Correspondence to: Rudolf Jaenisch1,7Eric S. Lander1,2,7,8 Correspondence and requests for materials should be addressed to R.J. (Email: jaenisch@wi.mit.edu) or E.S.L. (Email: lander@broad.mit.edu).
Abstract
DNA methylation is essential for normal development1, 2, 3 and has been implicated in many pathologies including cancer4, 5. Our knowledge about the genome-wide distribution of DNA methylation, how it changes during cellular differentiation and how it relates to histone methylation and other chromatin modifications in mammals remains limited. Here we report the generation and analysis of genome-scale DNA methylation profiles at nucleotide resolution in mammalian cells. Using high-throughput reduced representation bisulphite sequencing6 and single-molecule-based sequencing, we generated DNA methylation maps covering most CpG islands, and a representative sampling of conserved non-coding elements, transposons and other genomic features, for mouse embryonic stem cells, embryonic-stem-cell-derived and primary neural cells, and eight other primary tissues. Several key findings emerge from the data. First, DNA methylation patterns are better correlated with histone methylation patterns than with the underlying genome sequence context.
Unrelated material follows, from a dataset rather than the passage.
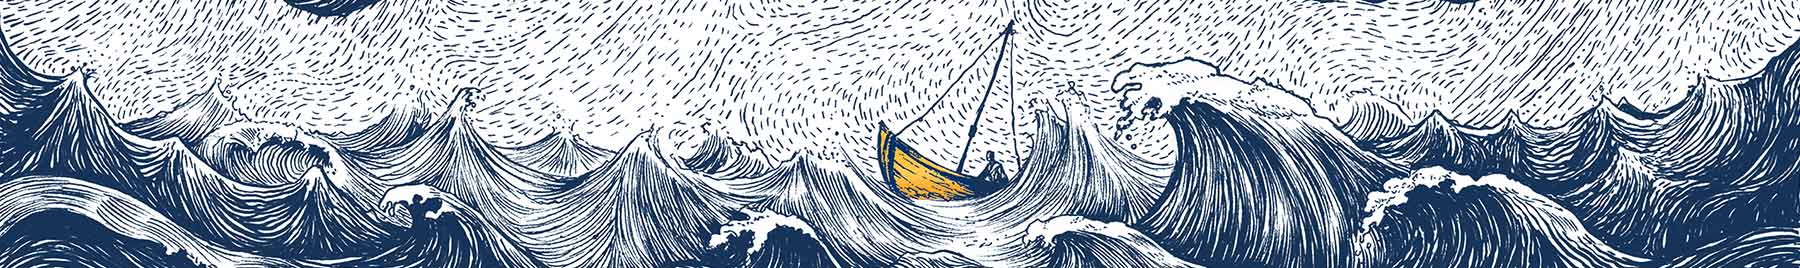 ink drawing of a small yellow boat on a stormy sea

Second, methylation of CpGs are dynamic epigenetic marks that undergo extensive changes during cellular differentiation, particularly in regulatory regions outside of core promoters. Third, analysis of embryonic-stem-cell-derived and primary cells reveals that 'weak' CpG islands associated with a specific set of developmentally regulated genes undergo aberrant hypermethylation during extended proliferation in vitro, in a pattern reminiscent of that reported in some primary tumours. More generally, the results establish reduced representation bisulphite sequencing as a powerful technology for epigenetic profiling of cell populations relevant to developmental biology, cancer and regenerative medicine.